### Data extract:

-- Opening Marker --

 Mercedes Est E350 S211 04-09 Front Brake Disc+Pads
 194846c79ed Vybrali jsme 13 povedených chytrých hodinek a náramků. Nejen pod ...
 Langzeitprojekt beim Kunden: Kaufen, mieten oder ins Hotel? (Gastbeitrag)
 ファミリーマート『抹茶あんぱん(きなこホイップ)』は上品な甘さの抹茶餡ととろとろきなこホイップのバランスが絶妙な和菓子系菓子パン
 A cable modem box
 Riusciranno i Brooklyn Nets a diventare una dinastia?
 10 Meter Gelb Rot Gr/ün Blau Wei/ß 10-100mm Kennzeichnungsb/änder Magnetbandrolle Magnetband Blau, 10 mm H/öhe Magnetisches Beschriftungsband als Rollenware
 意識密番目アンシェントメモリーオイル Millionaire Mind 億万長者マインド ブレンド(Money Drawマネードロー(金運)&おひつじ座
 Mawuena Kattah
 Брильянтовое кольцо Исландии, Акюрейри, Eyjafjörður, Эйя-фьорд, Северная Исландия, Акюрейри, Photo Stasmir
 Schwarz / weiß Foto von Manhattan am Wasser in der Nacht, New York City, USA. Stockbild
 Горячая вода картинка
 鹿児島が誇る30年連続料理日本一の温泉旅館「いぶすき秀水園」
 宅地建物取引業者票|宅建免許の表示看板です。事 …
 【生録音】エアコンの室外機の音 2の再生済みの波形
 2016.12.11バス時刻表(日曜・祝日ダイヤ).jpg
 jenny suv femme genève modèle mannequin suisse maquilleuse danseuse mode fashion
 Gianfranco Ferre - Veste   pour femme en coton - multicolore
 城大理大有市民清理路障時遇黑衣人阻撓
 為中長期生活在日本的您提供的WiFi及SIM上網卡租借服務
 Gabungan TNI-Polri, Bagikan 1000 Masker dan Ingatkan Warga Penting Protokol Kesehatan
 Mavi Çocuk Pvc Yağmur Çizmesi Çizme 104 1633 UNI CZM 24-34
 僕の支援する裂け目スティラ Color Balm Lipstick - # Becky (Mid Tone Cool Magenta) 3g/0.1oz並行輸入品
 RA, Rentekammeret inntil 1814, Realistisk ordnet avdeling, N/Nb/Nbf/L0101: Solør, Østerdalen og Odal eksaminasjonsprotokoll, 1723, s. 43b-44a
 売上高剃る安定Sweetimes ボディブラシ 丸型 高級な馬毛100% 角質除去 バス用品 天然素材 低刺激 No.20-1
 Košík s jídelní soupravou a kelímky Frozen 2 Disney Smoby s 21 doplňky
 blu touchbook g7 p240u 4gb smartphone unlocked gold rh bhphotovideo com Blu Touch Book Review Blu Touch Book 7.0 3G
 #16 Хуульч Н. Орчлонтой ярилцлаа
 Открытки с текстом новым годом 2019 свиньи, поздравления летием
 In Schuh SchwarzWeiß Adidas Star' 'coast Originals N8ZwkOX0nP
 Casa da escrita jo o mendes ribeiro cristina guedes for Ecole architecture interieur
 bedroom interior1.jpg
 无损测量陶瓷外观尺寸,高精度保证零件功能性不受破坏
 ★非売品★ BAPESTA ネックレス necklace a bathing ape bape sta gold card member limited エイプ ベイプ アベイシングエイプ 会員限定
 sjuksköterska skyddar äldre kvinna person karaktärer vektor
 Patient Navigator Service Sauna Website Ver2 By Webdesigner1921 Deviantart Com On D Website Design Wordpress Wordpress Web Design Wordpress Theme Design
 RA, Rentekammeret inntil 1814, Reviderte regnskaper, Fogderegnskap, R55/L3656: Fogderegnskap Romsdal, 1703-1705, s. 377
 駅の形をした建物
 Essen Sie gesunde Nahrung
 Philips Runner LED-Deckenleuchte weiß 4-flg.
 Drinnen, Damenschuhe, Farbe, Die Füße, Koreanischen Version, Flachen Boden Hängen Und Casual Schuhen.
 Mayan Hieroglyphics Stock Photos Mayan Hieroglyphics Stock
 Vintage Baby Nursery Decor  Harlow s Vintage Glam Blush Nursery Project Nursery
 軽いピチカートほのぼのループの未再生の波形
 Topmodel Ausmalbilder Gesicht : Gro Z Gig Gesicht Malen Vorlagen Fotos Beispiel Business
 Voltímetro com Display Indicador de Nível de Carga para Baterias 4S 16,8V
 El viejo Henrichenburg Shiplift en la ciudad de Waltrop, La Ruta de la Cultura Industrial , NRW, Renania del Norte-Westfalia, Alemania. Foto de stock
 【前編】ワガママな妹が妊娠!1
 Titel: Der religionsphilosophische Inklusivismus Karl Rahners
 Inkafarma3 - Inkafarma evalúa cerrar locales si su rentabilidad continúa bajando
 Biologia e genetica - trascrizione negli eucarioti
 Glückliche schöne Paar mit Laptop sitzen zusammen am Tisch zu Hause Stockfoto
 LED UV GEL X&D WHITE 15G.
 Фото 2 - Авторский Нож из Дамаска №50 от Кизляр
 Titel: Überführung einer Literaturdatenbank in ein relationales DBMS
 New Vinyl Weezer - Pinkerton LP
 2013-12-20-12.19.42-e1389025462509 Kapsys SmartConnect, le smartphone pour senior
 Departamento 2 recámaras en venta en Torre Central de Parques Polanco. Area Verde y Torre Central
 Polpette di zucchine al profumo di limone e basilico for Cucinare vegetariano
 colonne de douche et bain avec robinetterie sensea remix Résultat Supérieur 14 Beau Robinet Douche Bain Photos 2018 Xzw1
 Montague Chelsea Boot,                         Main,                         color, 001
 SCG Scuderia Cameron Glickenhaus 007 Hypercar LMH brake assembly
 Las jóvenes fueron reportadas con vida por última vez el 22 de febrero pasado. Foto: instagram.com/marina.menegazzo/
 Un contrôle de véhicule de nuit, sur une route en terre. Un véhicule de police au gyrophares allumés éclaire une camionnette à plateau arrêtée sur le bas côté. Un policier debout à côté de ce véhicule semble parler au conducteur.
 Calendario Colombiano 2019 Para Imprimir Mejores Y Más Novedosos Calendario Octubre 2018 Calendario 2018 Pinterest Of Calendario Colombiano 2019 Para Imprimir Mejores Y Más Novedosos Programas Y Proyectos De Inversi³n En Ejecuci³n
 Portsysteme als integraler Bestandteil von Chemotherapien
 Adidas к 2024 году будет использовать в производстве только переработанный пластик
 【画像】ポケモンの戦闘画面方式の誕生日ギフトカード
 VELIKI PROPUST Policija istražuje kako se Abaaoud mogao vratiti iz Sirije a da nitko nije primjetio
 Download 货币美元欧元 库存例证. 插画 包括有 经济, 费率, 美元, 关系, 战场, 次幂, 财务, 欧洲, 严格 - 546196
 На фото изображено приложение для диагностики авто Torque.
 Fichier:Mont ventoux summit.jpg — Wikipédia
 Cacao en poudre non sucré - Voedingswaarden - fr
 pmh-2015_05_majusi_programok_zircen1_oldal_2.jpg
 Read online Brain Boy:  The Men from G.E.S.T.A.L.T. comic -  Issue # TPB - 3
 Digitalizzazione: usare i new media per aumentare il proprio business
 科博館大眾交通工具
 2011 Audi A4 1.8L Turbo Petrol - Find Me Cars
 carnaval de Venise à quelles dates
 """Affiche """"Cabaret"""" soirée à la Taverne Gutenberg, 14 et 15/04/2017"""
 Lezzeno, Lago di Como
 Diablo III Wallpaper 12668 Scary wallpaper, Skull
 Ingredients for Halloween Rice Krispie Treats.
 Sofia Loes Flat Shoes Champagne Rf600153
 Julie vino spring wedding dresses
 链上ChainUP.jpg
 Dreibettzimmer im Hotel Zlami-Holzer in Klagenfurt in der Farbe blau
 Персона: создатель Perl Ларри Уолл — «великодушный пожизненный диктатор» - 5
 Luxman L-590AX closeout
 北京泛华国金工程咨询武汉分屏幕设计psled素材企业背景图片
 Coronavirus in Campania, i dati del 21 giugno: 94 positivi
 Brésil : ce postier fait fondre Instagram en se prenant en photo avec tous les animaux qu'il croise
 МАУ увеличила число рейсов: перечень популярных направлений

-- Closing Marker --

### Task directions:
Output only an exact transcription of the lines above from the one with "A cable modem box" up to and including the one with "為中長期生活在日本的您提供的WiFi及SIM上網卡租借服務".

### Result for this task:
 A cable modem box
 Riusciranno i Brooklyn Nets a diventare una dinastia?
 10 Meter Gelb Rot Gr/ün Blau Wei/ß 10-100mm Kennzeichnungsb/änder Magnetbandrolle Magnetband Blau, 10 mm H/öhe Magnetisches Beschriftungsband als Rollenware
 意識密番目アンシェントメモリーオイル Millionaire Mind 億万長者マインド ブレンド(Money Drawマネードロー(金運)&おひつじ座
 Mawuena Kattah
 Брильянтовое кольцо Исландии, Акюрейри, Eyjafjörður, Эйя-фьорд, Северная Исландия, Акюрейри, Photo Stasmir
 Schwarz / weiß Foto von Manhattan am Wasser in der Nacht, New York City, USA. Stockbild
 Горячая вода картинка
 鹿児島が誇る30年連続料理日本一の温泉旅館「いぶすき秀水園」
 宅地建物取引業者票|宅建免許の表示看板です。事 …
 【生録音】エアコンの室外機の音 2の再生済みの波形
 2016.12.11バス時刻表(日曜・祝日ダイヤ).jpg
 jenny suv femme genève modèle mannequin suisse maquilleuse danseuse mode fashion
 Gianfranco Ferre - Veste   pour femme en coton - multicolore
 城大理大有市民清理路障時遇黑衣人阻撓
 為中長期生活在日本的您提供的WiFi及SIM上網卡租借服務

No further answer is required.